Nordisk Seglats 2017
Nordisk Seglats is a youth camp on water, arranged every year as a multi-stage sailing competition. In 2017 the race went from Aalborg DK to Varberg SE, an overnight in a natural harbour outside Gothenburg, ending in Fredrikstad NO.
Most of the boats are Danish, Swedish and Norwegian school boats with up to 38 persons on board, but there are also smaller boats with 4 or 5 crew. Several of the ships were forced to break the competition, one had to use its motor to get off ground, but they still met up in the ports and continued the sail with the group.
We arrived in Varberg on Wednesday, on our way home to Lomma, and tied up at our usual spot along a pier. Later we learned that the 22 ships in Nordisk Seglats were to moor in the inner habour. We were lucky to be among the few that could stay.
Varberg is a beautiful summer town on the coast of Halland. It has two marinas. We like the town marina
close to the fort and the bathhouse (above). It is only a few blocks walk to the shopping center with all the usual
facilities and lots of restaurants. Getterön Marina across the bay is connected by a frequent shuttle boat.
We did not know about the event when we arrived in Varberg, and were lucky to be able
to stay at our spot along a pier, so we spent another day in Varberg to watch the ships
arrive. This was the view from our boat Wednesday morning after the first ships arrived.
This ship, Dyrafjeld, was one of over 20 ships that came to the harbor. It was
built in Norway in 1889 to carry freight, 33 m long and carries a crew of 20.
Jens Krogh from Denmark, built 1899 for fishing, 24 m long with crew of 19, in the process of tying
up outside Swan from Lerwick, Shetland Islands, built 1900 for fishing, 21 m long with a crew of 15.
It took a long time to moor as the ships moved slowly and very cautiously.
On the right, Brita Leth from Denmark, used both engine and sail power to get into
the mooring space. She was built 1911 as a freighter, 33 m long with a crew of 15.
There were narrow margins as the ships were packed in.
The heavy, old hemp ropes did not make it easier to moor.
Many of the ships used this technique to secure mooring lines.
Brita Leth moored. The man in black guided each boat into its assigned space.
This ship mainly used sails and a bit of tugging to get into place. There were a couple of boats that looked like this. We think this is
Faerd from Norway, built 1931 for fishing, 11.5 m long with a crew of 4. The current owners bought the boat in 2012 and live on board.
The harbor starting to fill up.
It was very tight after a while.
Once the ships were moored, it was time for housekeeping, like securing the sails.
Some tasks required climbing the rig.
Securing sails on Dyrafjeld.
The ships take on paying crew, who learn how to sail and care for the ships.
Folding a sail.
Ropes on board the Swan.
Part of the job when you come into port – swab the deck. They used sea water scooped up with buckets, not fresh water.

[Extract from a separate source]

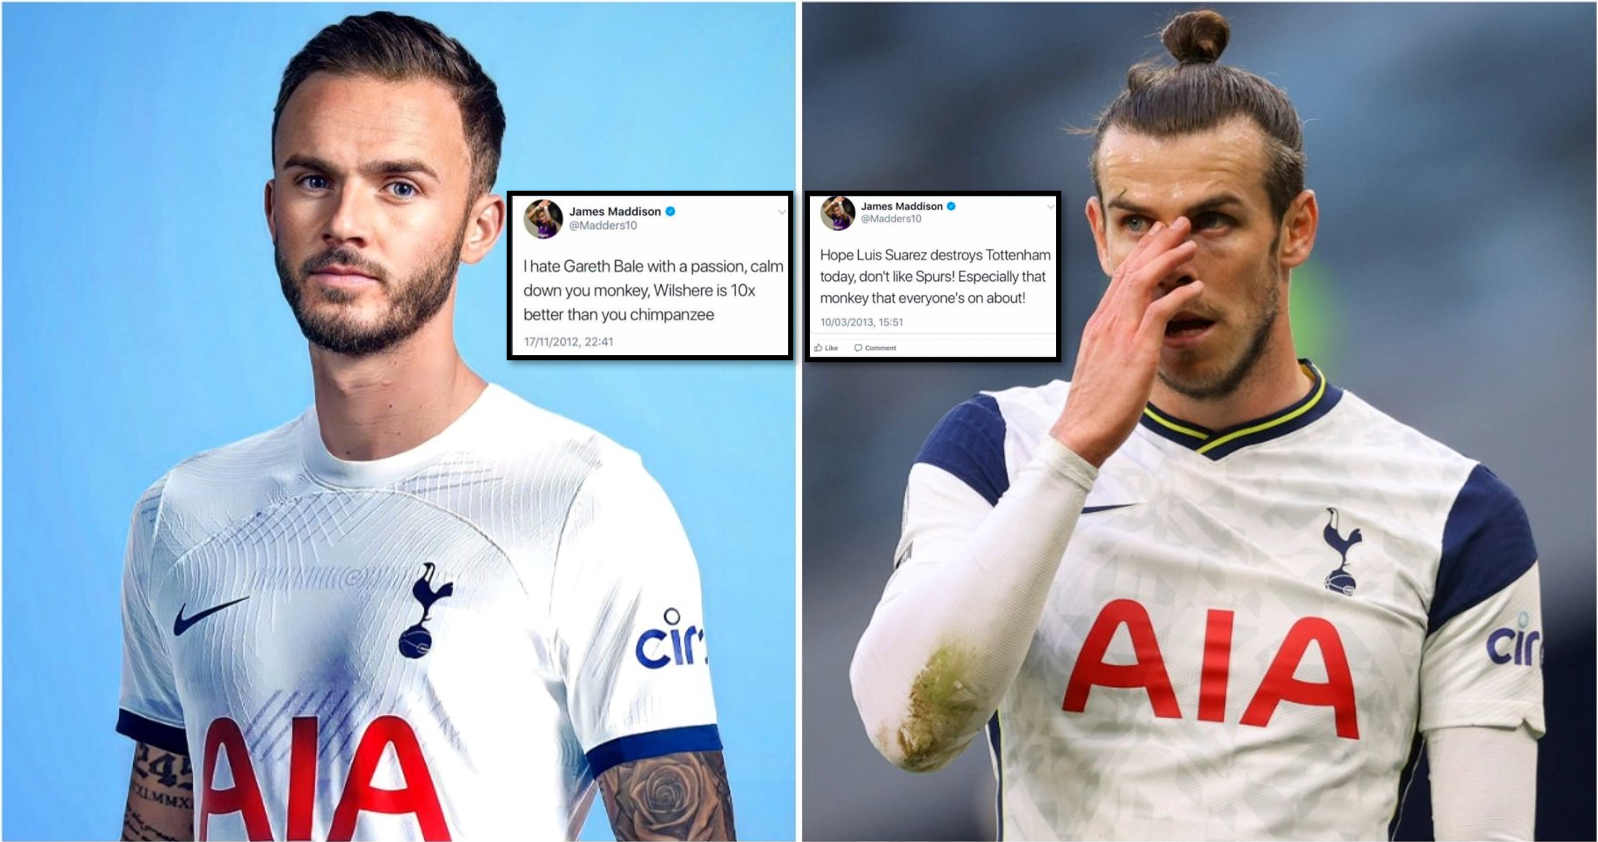 James Maddison deletes don't like Spurs, hate Gareth Bale tweets as  Tottenham transfer nears

Atlanta, Sweden, built 1981 as a school boat, 24 m long, 7 staff and 25 students. The student crew had to pull out all the mattresses on board and beat them.
And when the work is done – food cooked and served on board.
Someone forgot to clean up.
A harbor official handing out coupons to crew members for ice cream or soft drinks.
Svenska Kryssarklubbens sailing school ship Atlantica. It accepts students as young as 13 years old.
One member on Jens Krogh was very young.
The ships had sailed all night before they arrived in Varberg. Some crew needed a quiet place to sleep.
Students do not need any sleep and were very active all day.
Learning how to manage a dinghy.
Nordisk Seglats has an long tradition. Each participating ship gets an annual flag. The oldest flag we saw was from 1993.
The yellow sign on the right is for the shuttle to Getterön.
Sight of the masts when walking into the harbor from downtown Varberg.
Each rope has a purpose, no extra lines.
The main sail on board Swan.
Front sail attachment.
Similar front sail attachment, using large metal rings.
These buckets were used, not just for decoration.
These are satellite antennas, even if they look like mushrooms.
Faerd moored with sail power.
Kvartsita, Sweden, built 1945 for cargo, 33 m long and crew of 38.
Some crew used old methods to dry their laundry – string instead of clothes pins.
Bifrost, Sweden, built 1988, 12 m long and crew of 5.
Traditional west coast music to entertain the visitors.
Karoliner, soldiers of Karl XI and XII, 17th C. No idea of why they are here but they turn up in odd places.
The MVH 807 Jupiter belongs to the Danish naval civil defense and is used to help ships in need. They
often participate in the sail events. They were well prepared for the evening with displays of flags and lights.
Close to sunset, and the harbor became very quiet.
Sunset over the marina outside the inner harbor.